__ACTIVITY__:
Transcribe the data in full and exactly, omitting any pictures.
(SUPPLIED MATERIAL begins)
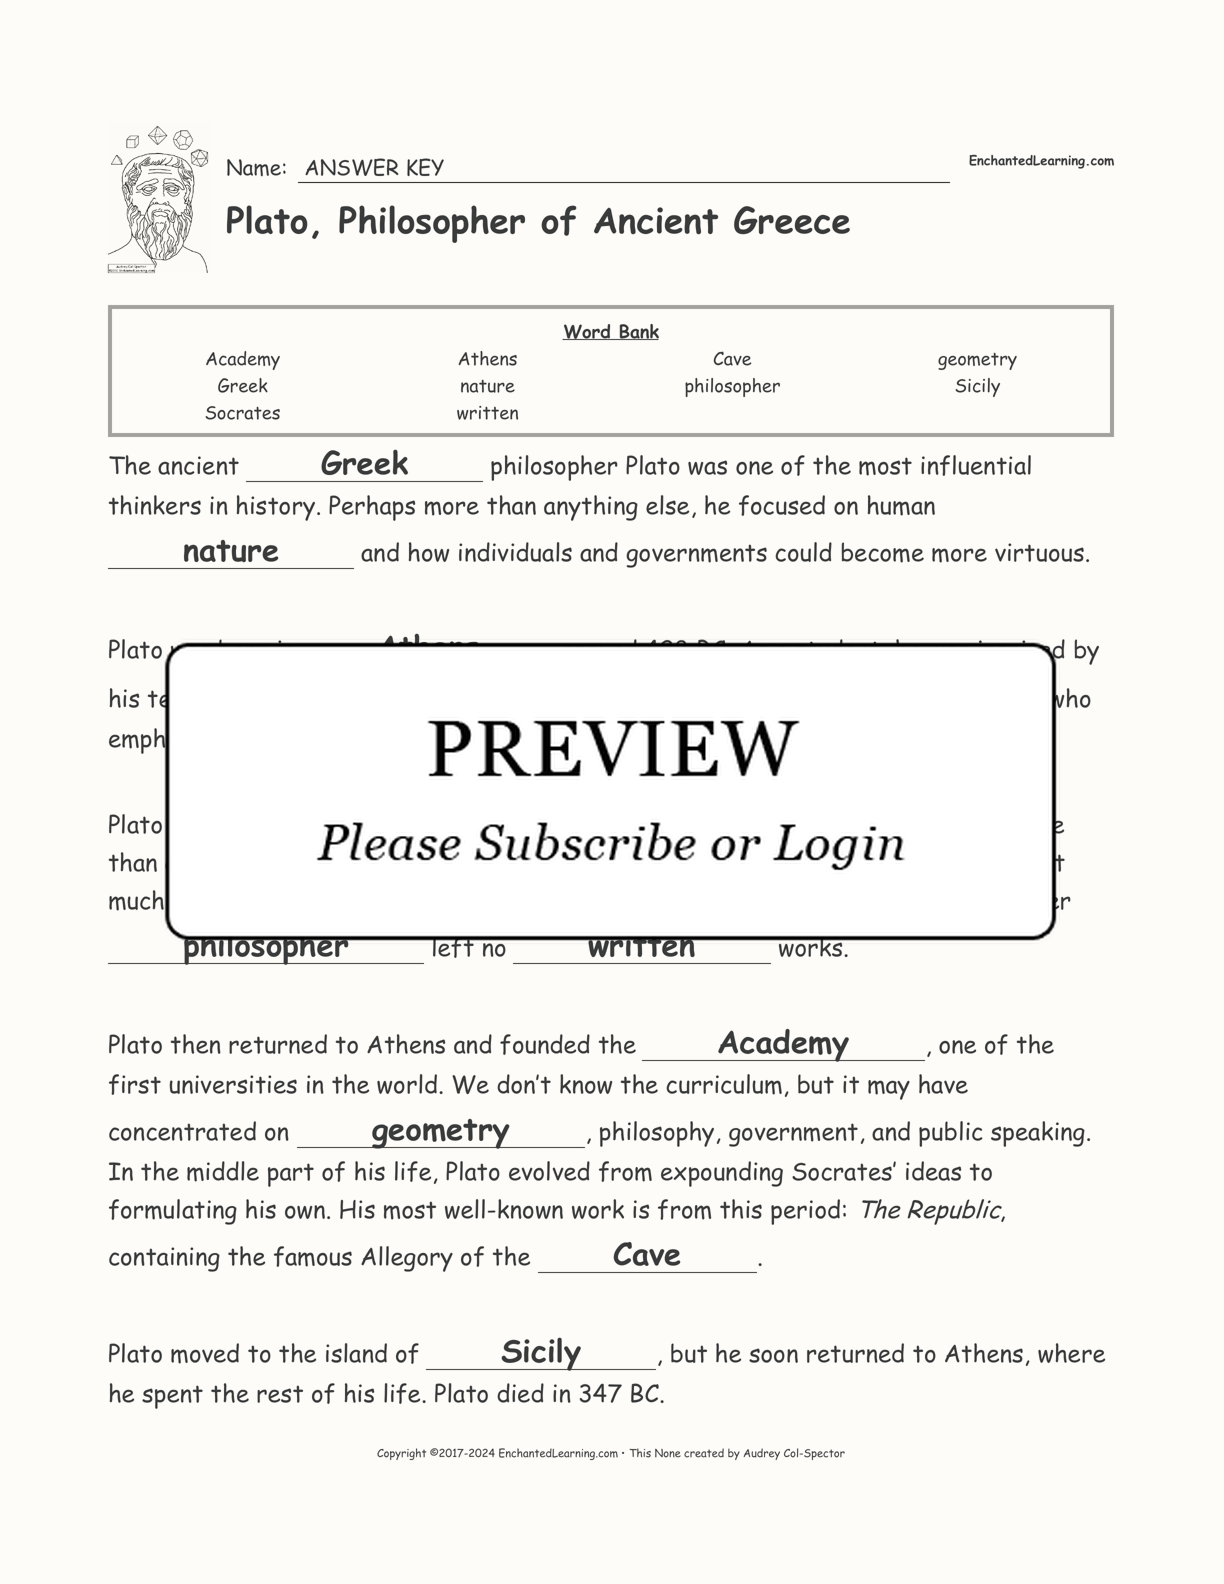 Plato, Philosopher of Ancient Greece interactive worksheet page 2
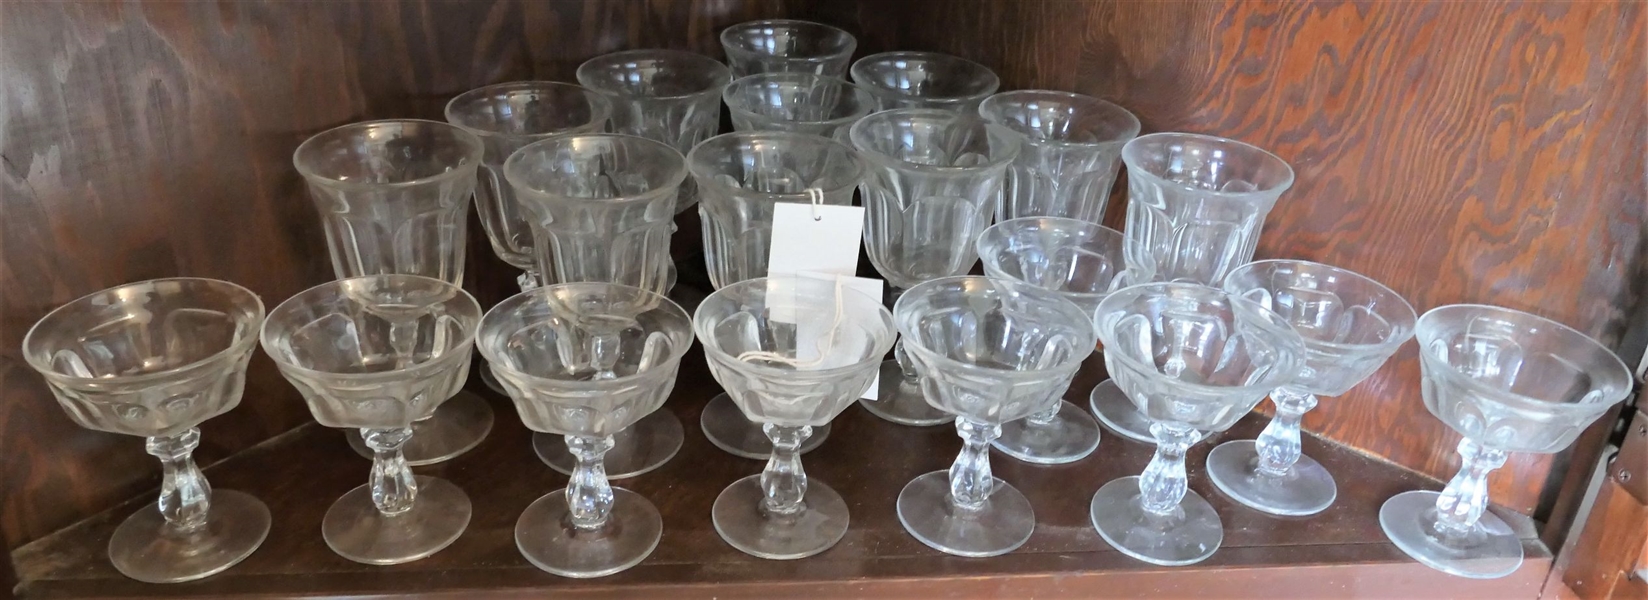 20 Pieces of Heisey Glassware including 6 3/4" Goblets and 4 1/2" Coupes
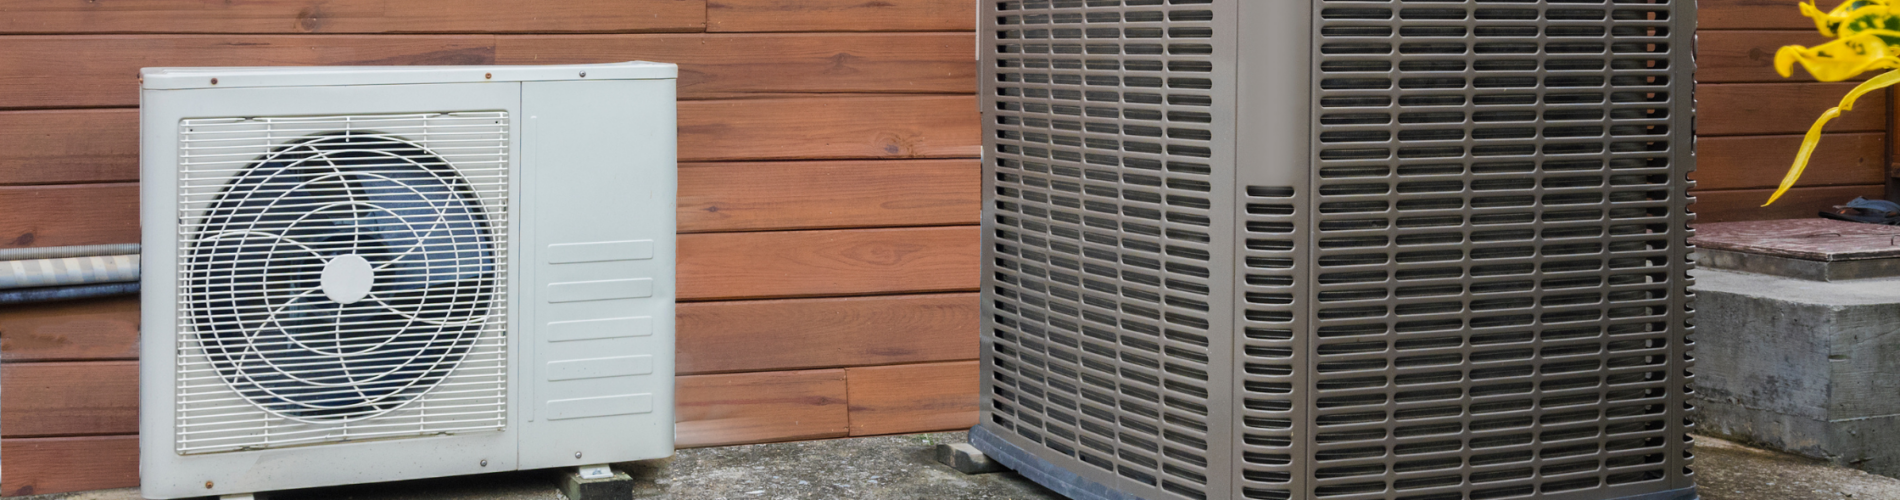 Bryant Legacy heat pumps combine value and function
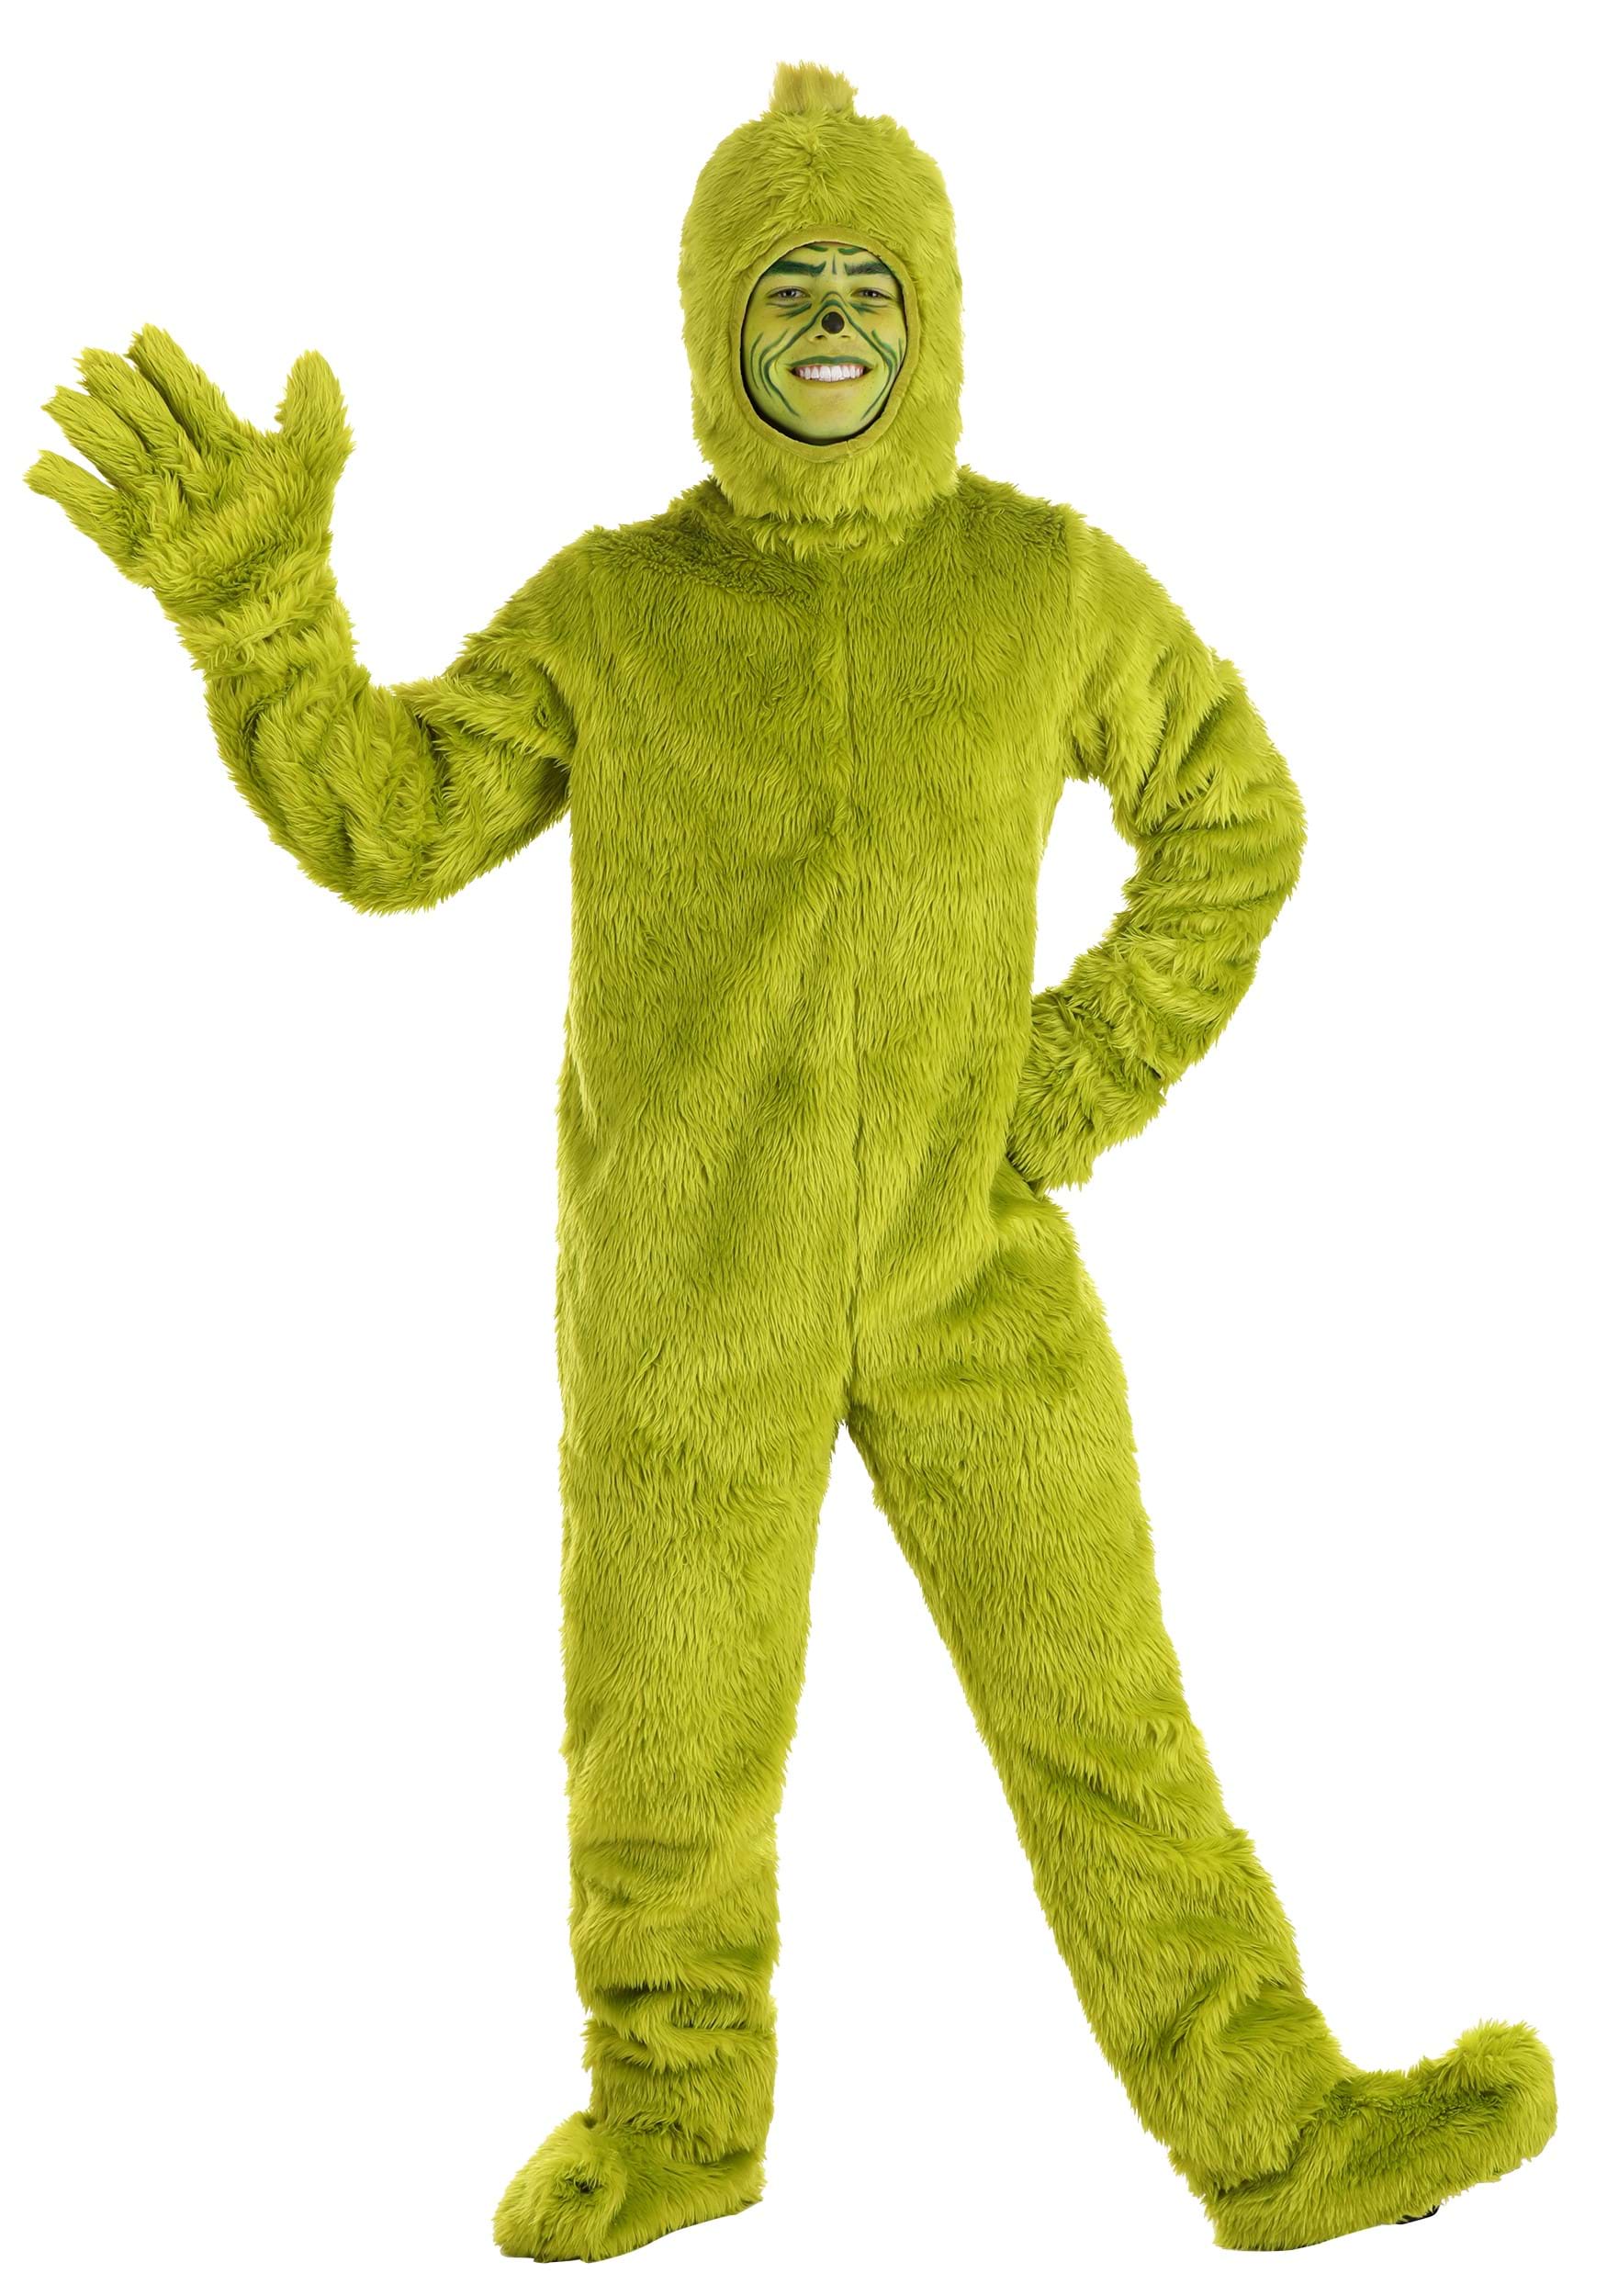 Dr. Seuss Grinch Open Face Adult Costume | Grinch Costumes
(SUPPLIED MATERIAL ends)
__RESULT FOR THIS EXERCISE__:
 Plato, Philosopher of Ancient Greece interactive worksheet page 2
 20 Pieces of Heisey Glassware including 6 3/4" Goblets and 4 1/2" Coupes
 Bryant Legacy heat pumps combine value and function
 Dr. Seuss Grinch Open Face Adult Costume | Grinch Costumes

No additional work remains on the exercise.